▸ **Work to complete**:
Line by line, print the records exactly as they are, dropping the pictures.

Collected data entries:
::::

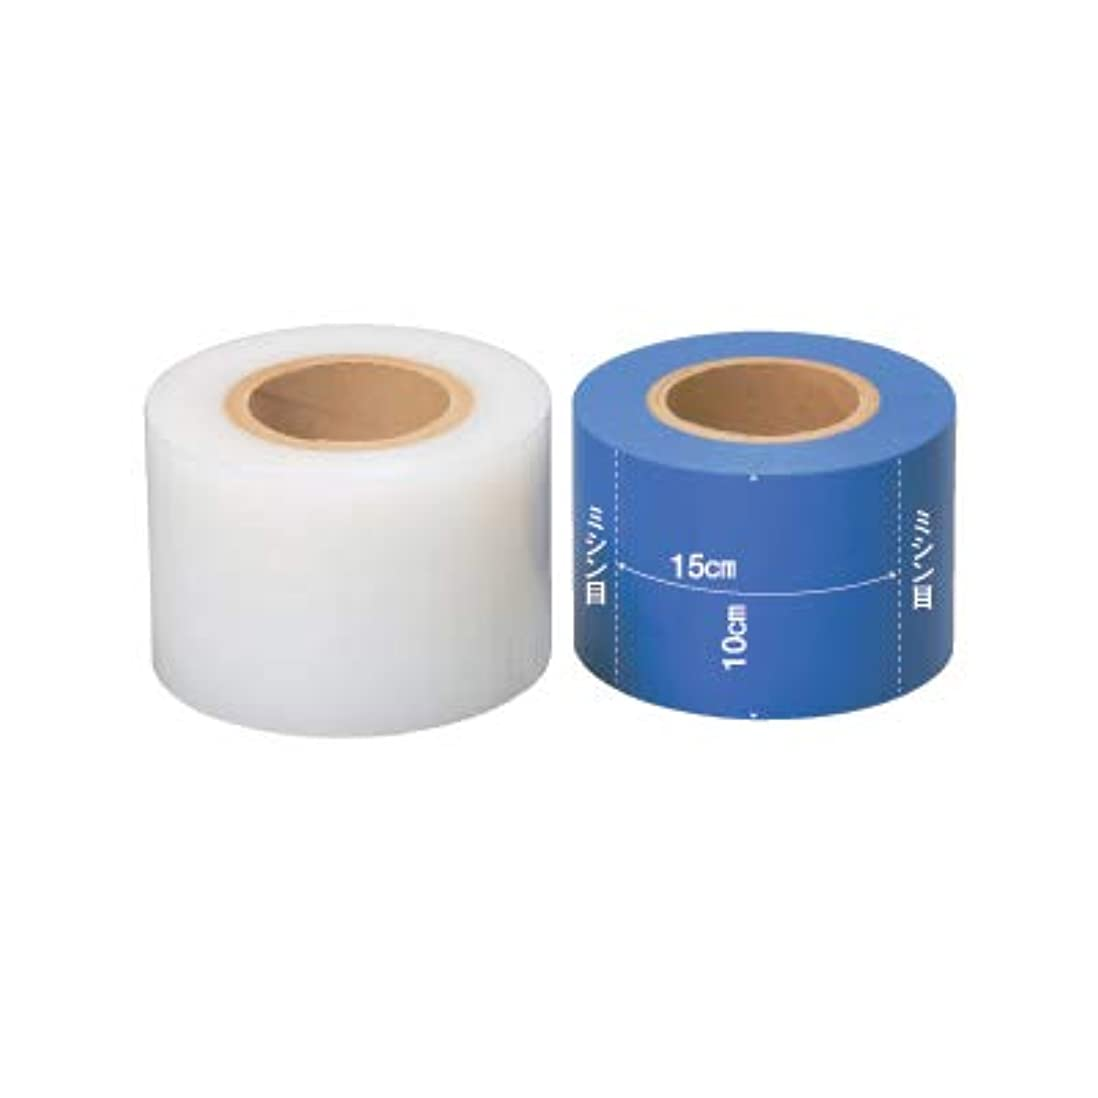 与える利得脇に(ロータス)LOTUS バリアフィルムテープ 10cm×180m (保護用テープ ミシン目あり) (ブルー)
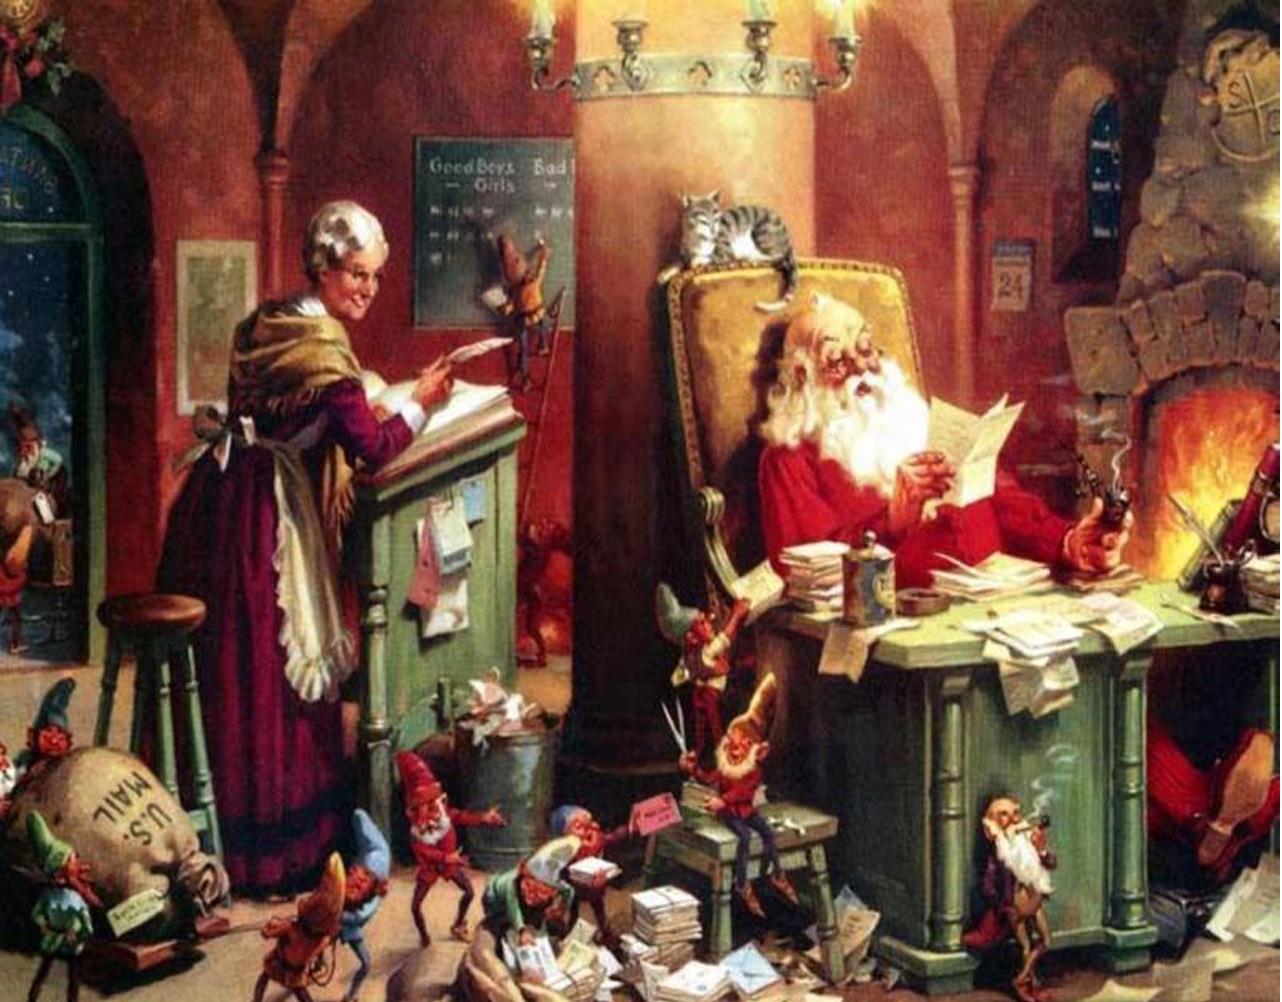 Babbo Natale E Gli Elfi.Storia E Leggenda Dei Folletti Di Babbo Natale
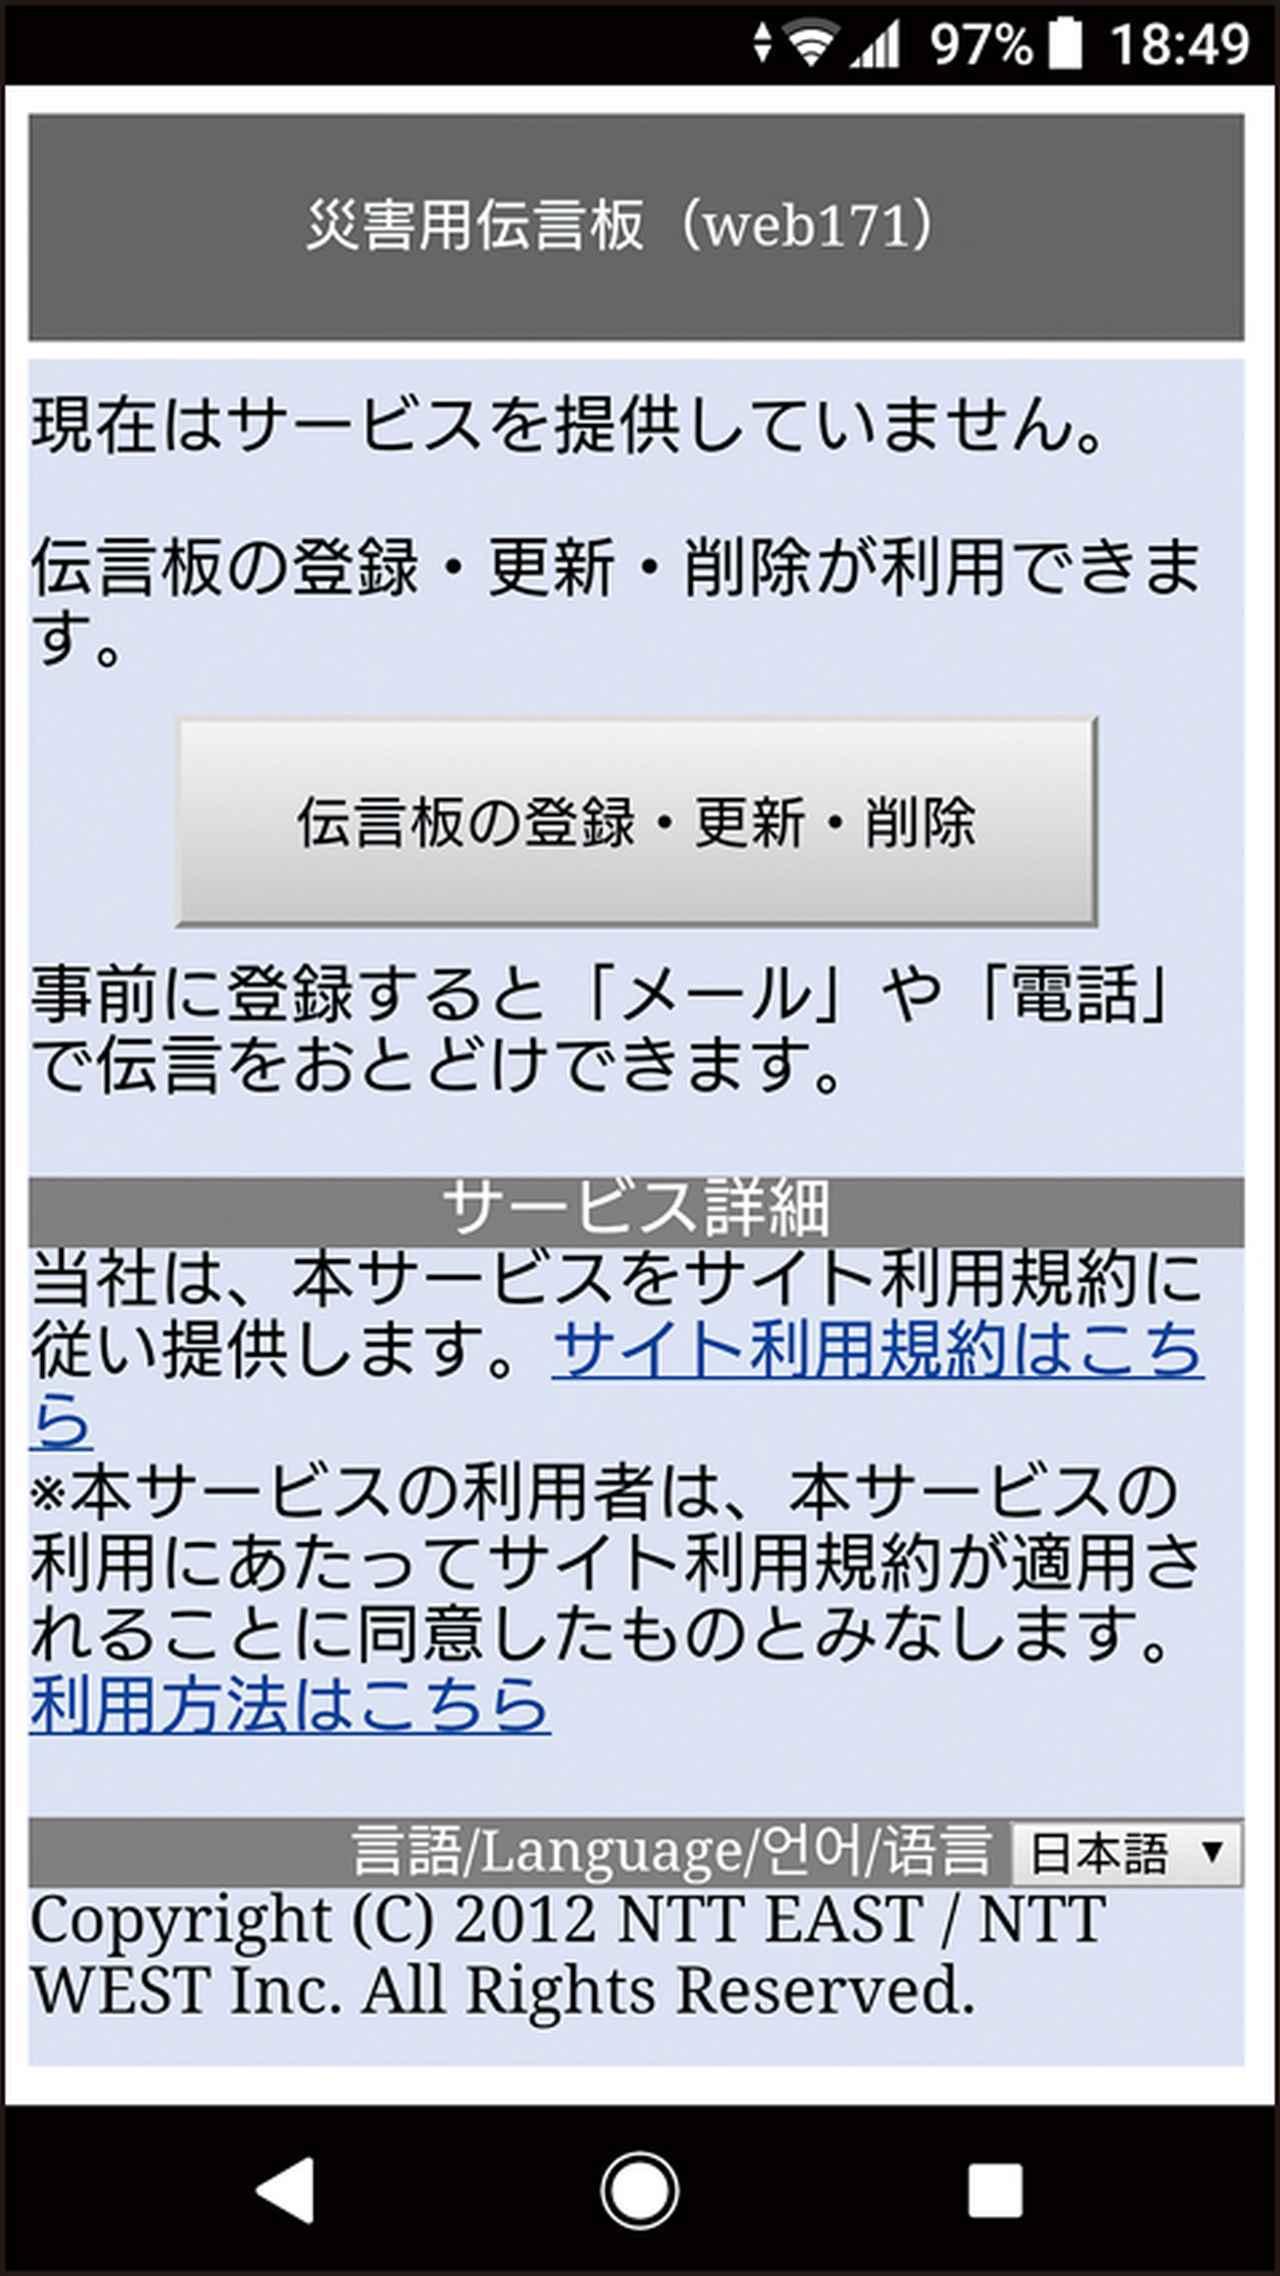 画像: NTT東西が運営する「災害用伝言板(web171)」。固定電話や携帯電話の番号で登録し、パソコンからも利用可能。毎月1、15日などに体験利用が可能。
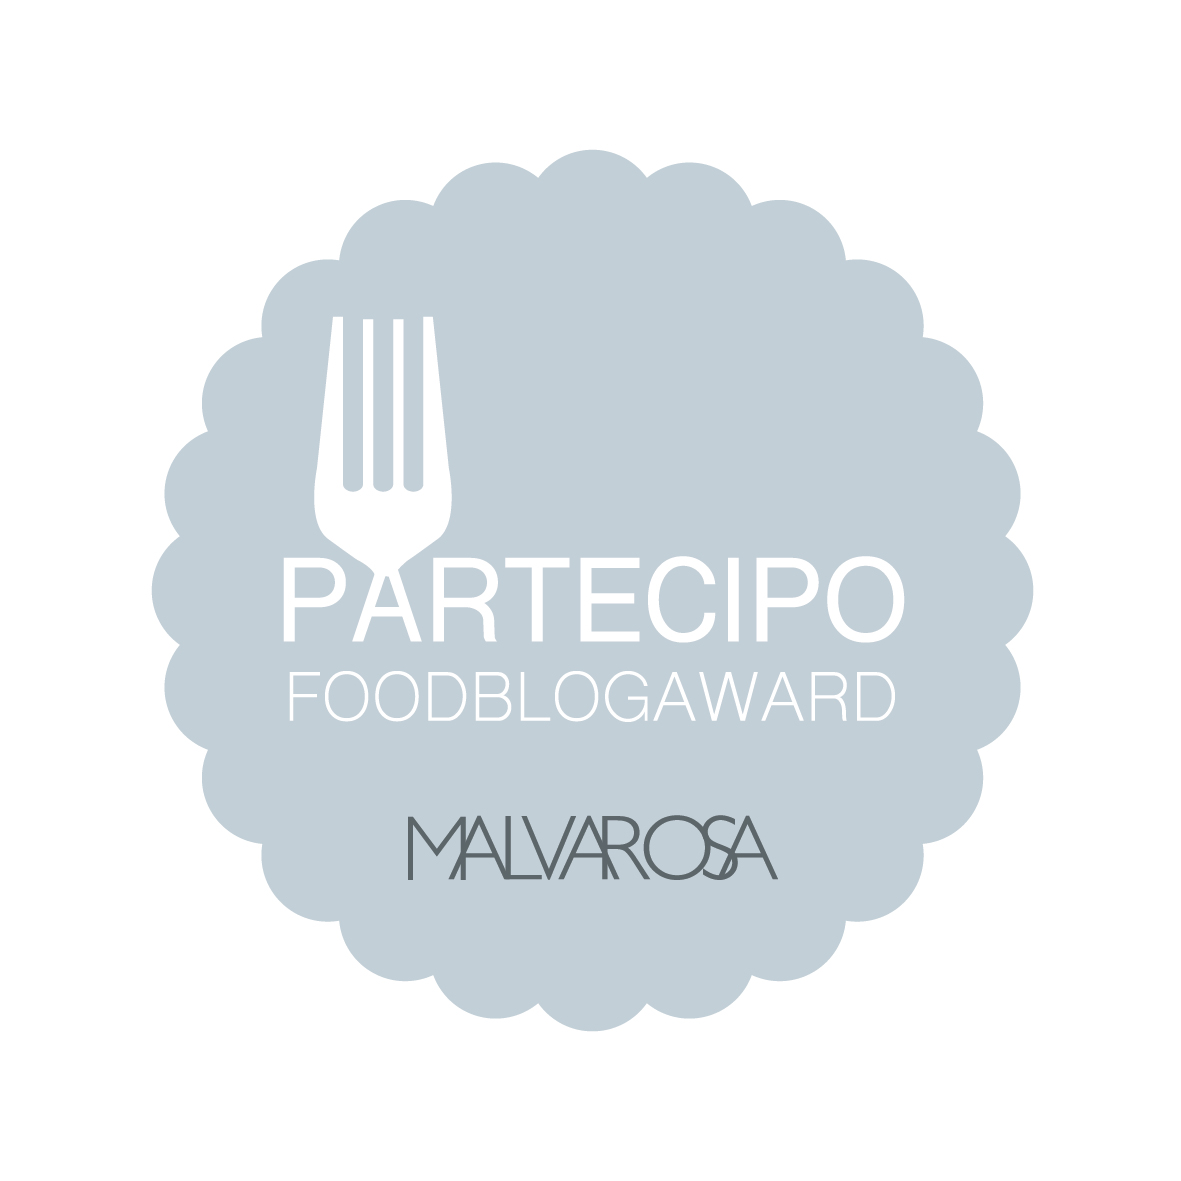 bollino_partecipo
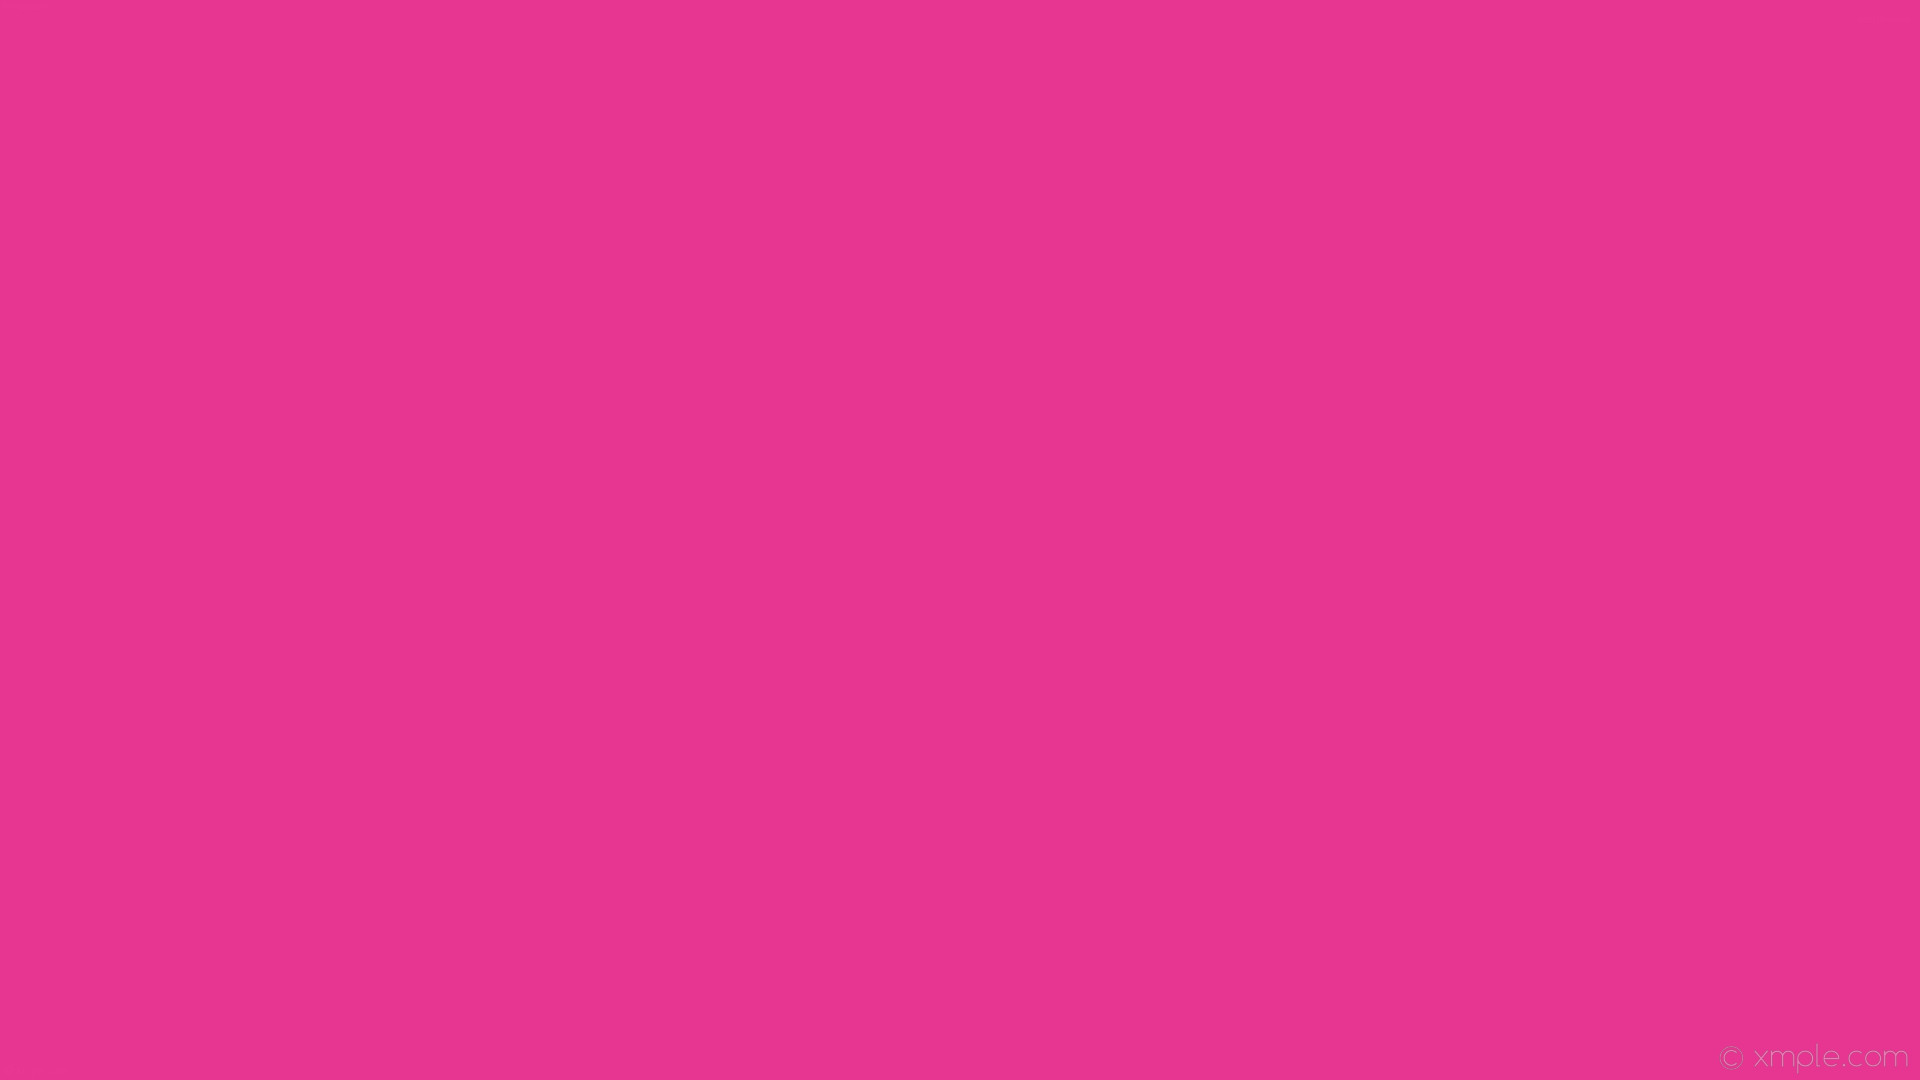 wallpaper single plain solid color pink one colour #e73692

::::

▸ **Solution to this problem**:
 与える利得脇に(ロータス)LOTUS バリアフィルムテープ 10cm×180m (保護用テープ ミシン目あり) (ブルー)
 Babbo Natale E Gli Elfi.Storia E Leggenda Dei Folletti Di Babbo Natale
 画像: NTT東西が運営する「災害用伝言板(web171)」。固定電話や携帯電話の番号で登録し、パソコンからも利用可能。毎月1、15日などに体験利用が可能。
 bollino_partecipo
 wallpaper single plain solid color pink one colour #e73692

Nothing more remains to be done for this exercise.